Non-Strict Cache Coherence: Exploiting Data-Race Tolerance in Emerging Applications

  • Authors:
  • Siddhartha V. Tambat;Sriram Vajapeyam

  • Affiliations:
  • -;-

  • Venue:
  • ICPP '00 Proceedings of the Proceedings of the 2000 International Conference on Parallel Processing
  • Year:
  • 2000

Quantified Score

Hi-index 0.00

Visualization

Abstract

Software distributed shared memory (DSM) platforms on networks of workstations tolerate large network latencies by employing one of several weak memory consistency models. Data-race tolerant applications, such as Genetic Algorithms (GAs), Probabilistic Inference, etc., offer an additional degree of freedom to tolerate network latency: they do not synchronize shared memory references, and behave correctly when supplied outdated shared data. However, these algorithms often have a high communication-to-computation ratio and can flood the network with messages in the presence of large message delays.

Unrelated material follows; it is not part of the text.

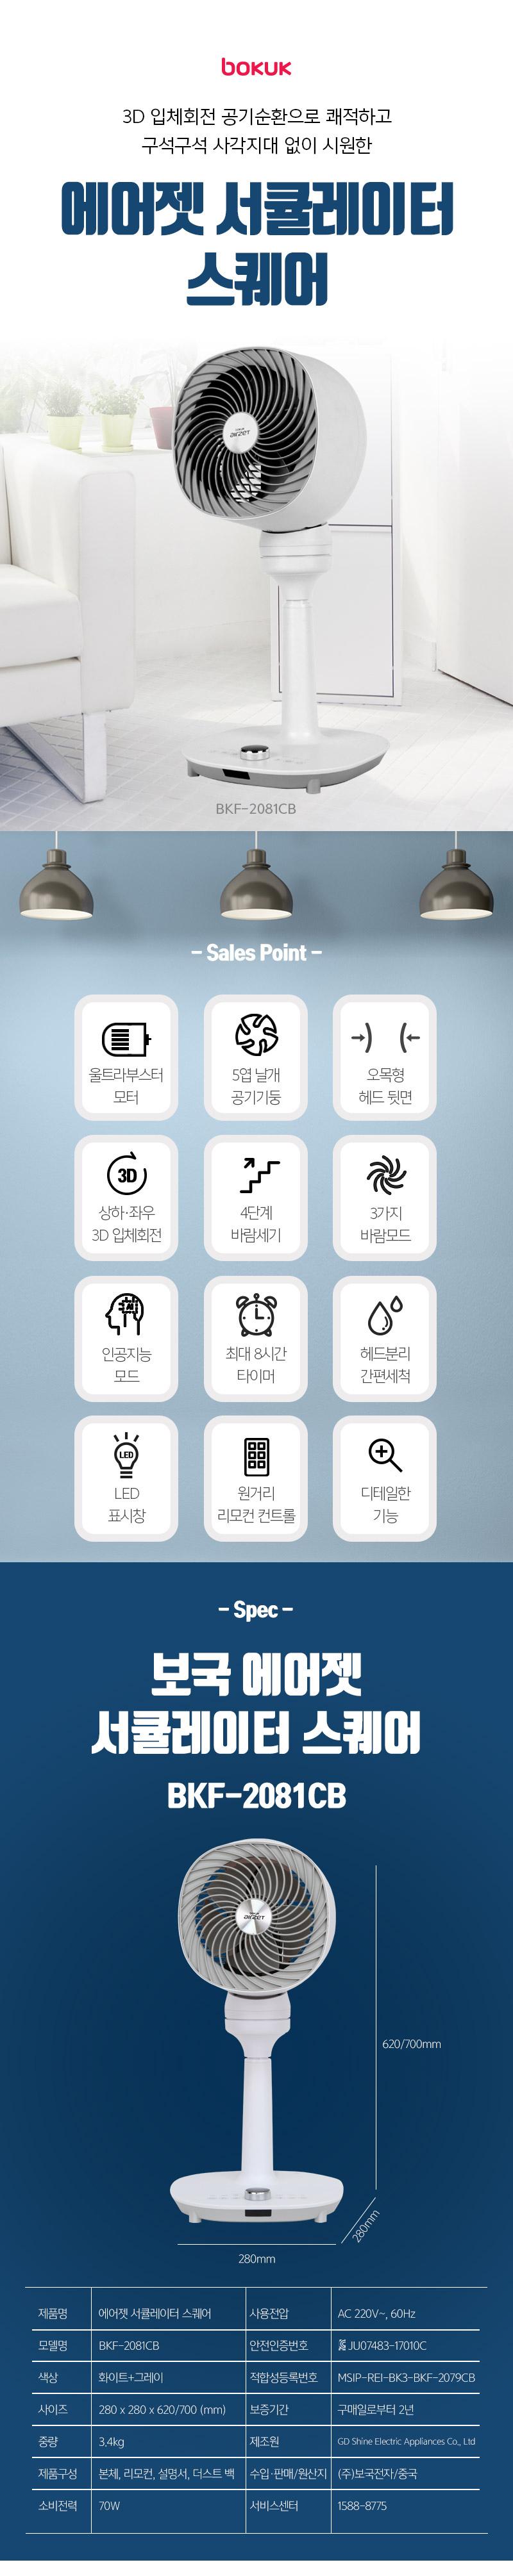 보국BKF-2081CB_상세페이지_01/보국 에어젯 서큘레이터/3D입체회전/공기순환/5엽날개/초저소음/에너지절약/선풍기/공기순환기/장풍팬/써큘레이터/서큘레이터/전용가방/파워팬/토네이도/아웃도어팬/LED랜턴/LED램프/캠피용/캠핑용품/휴대용선풍기/캠핌용선풍기/야외선풍기/박스형선풍기/공기순환기/보국선풍기/스탠드선풍기/좌석용선풍기/리모컨선풍기/리모컨형선풍기/리모콘/리모콘선풍기/리모콘식/가정용선풍기/7인치/7인치선풍기/14인치선풍기/15인치선풍기/16인치선풍기/17인치선풍기/대형선풍기/탁상용선풍기/책상용선풍기/미니선풍기/업소용선풍기/거실용선풍기/5엽선풍기/3엽선풍기/시원한선풍기/전자식선풍기/사무실선풍기/여름/여름가전/여름용품/더위사냥/시원한바람/리모컨식/전자식/미니/선물/크리스마스/효도/여친/남친/기념일/추석/명절

We study the performance of controlled asynchronous implementations of these algorithms via the use of our previously proposed blocking Global Read memory access primitive. Global Read implements non-strict cache coherence by guaranteeing to return to the reader a shared datum value from within a specified staleness range. Experiments on an IBM SP2 multicomputer with an Ethernet show significant performance improvements for controlled asynchronous implementations. On a lightly loaded Ethernet network, most of the GA benchmarks see 30% to 40% improvement over the best competitor for 2 to 16 processors, while two of the Probabilistic Inference benchmarks see more than 80% improvement for two processors. As the network, load in-creases, the benefits of non-strict cache coherence increase significantly.